CONTRACTS: Add enumerative loop invariant synthesizer #7393

qinheping · 2022-11-28T07:38:29Z

Each commit message has a non-empty body, explaining why the change was made.
Methods or procedures I have added are documented, following the guidelines provided in CODING_STANDARD.md.
The feature or user visible behaviour I have added or modified has been documented in the User Guide in doc/cprover-manual/
Regression or unit tests are included, or existing tests cover the modified code (in this case I have detailed which ones those are in the commit message).
n/a My commit message includes data points confirming performance improvements (if claimed).
My PR is restricted to a single feature or bugfix.
n/a White-space or formatting changes outside the feature-related changed lines are in commits of their own.

Implement the functionality described below.

Motivation

This loop invariant synthesizer use the idea counter-example-guided synthesis (CEGIS) to synthesize loop invariants for programs with only checks instrumented by goto-instrument with flag --pointer-check.

This PR contain the driver of the synthesizer and the verifier we use to check invariant candidates.

Verifier

The verifier take as input a goto program with pointer checks and a map from loop id to loop invariant candidates. It first annotate and apply the loop invariant candidates into the goto model; and then simulate the CBMC api to verify the instrumented goto program. If there are some violations---loop invariants are not inductive, or some pointer checks fail---, it record valuation from trace generated by the back end to construct a formatted counterexample cext.

Counterexample

A counterexample cext record valuations of variables in the trace, and other information about the violation. The valuation we record including

set of live variables upon the entry of the loop.
the havoced value of all primitive-typed variables;
the havoced offset and the object size of all pointer-typed variables;
history values of 2 and 3.

The valuations will be used as true positive (history values) and true negative (havcoed valuation) to filter out bad invariant clause with the idea of the Daikon invariant detector in a following PR. However, in this PR we only construct the valuation but not actually use them.

Synthesizer

Loop invariants we synthesize are of the form
(in_clause || !guard) && (!guard -> pos_clause)
where in_clause and out_clause are predicates we store in two different map, and guard is the loop guard. The idea is that we separately synthesize the condition in_clause that should hold before the execution of the loop body, and condition pos_clause that should hold as post-condition of the loop.

When the violation happen in the loop, we update in_clause. When the violation happen after the loop, we update pos_clause. When the invariant candidate it not inductive, we enumerate strengthening clause to make it inductive.

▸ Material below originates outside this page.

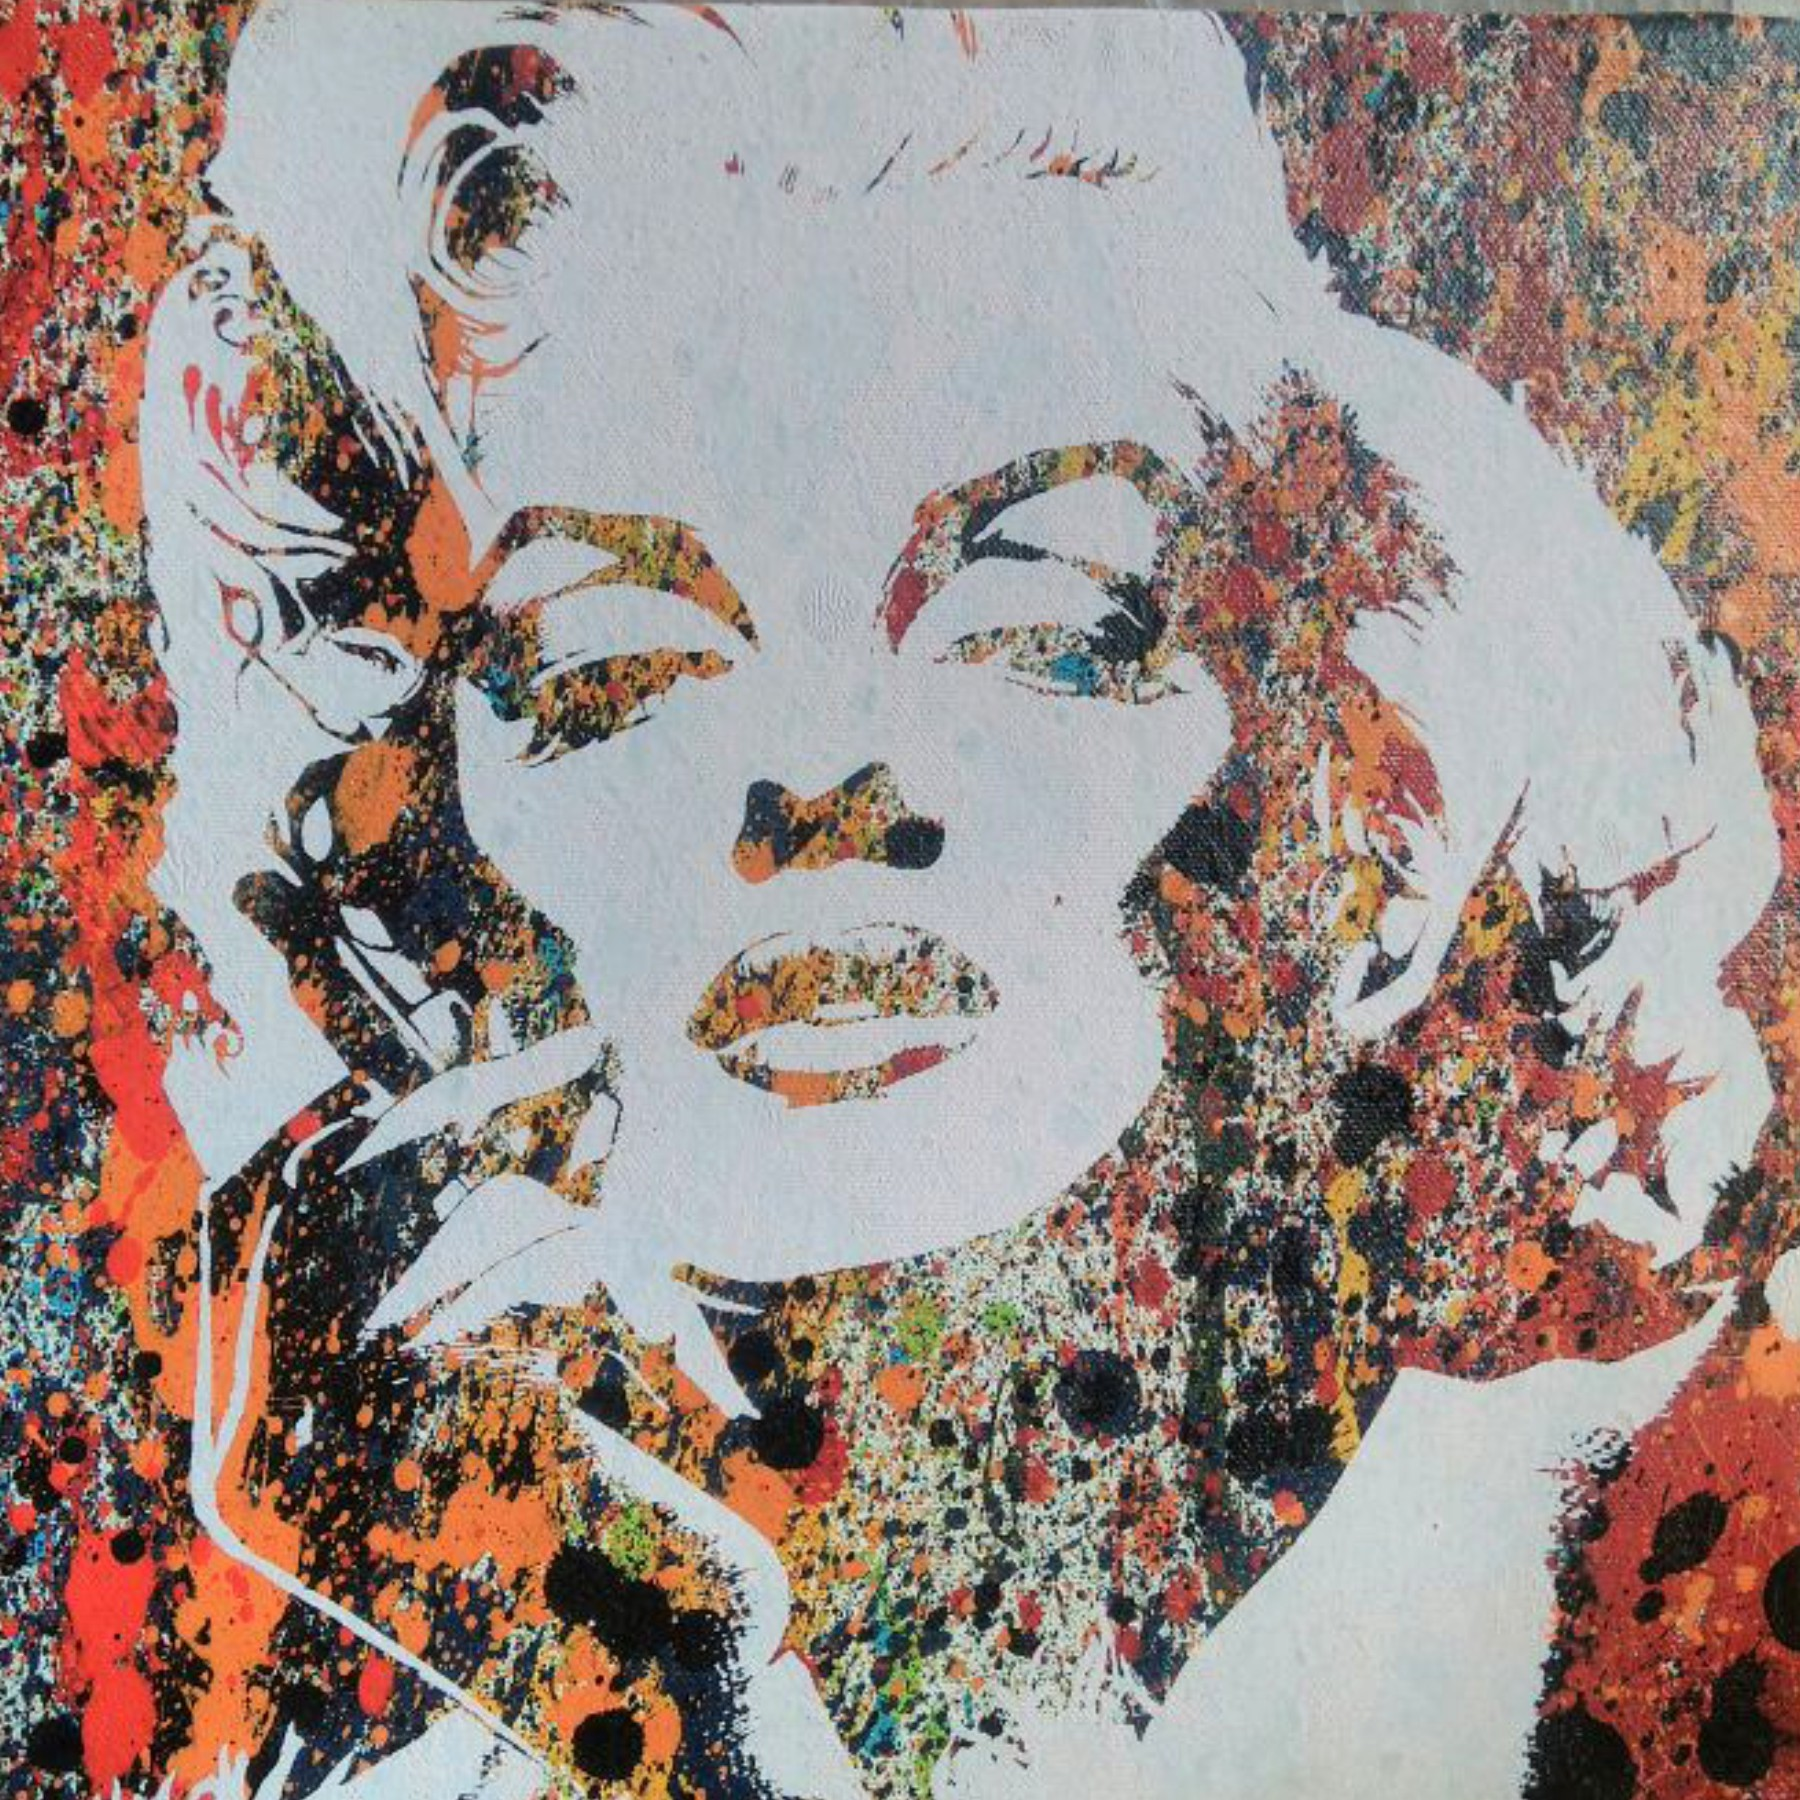 Marilyn Monroe (white)

To be more efficient, we choose different synthesis strategy for different type of violation

For out-of-boundary violation, we choose to use the violated predicate as the new clause, which is the WLP of the violation if the violation is only dependent on the havocing instruction. TODO: to make it more complete, we need to implement a WLP algorithm
For null-pointer violation, we choose __CPROVER_same_object(ptr, __CPROVER_loop_entry(ptr)) as the new clause. That is, the havoced pointer should points to the same object at the start of every iteration of the loop. It is a heuristic choice. This can be extended with the idea of alias analysis if needed.
For invariant-not-preserved violation, we enumerate strengthening clauses and check that if the invariant will be inductive after strengthening (disjunction with the new clause).

The synthesizer works as follow

initialize the two invariant maps,
verify the current candidates built from the two maps,
_a. return the candidate if there is no violation
_b. synthesize a new clause to resolve the first violation and add it to the correct map,
repeat 2.

The flag synthesize-loop-invariants will also apply synthesized loop contracts.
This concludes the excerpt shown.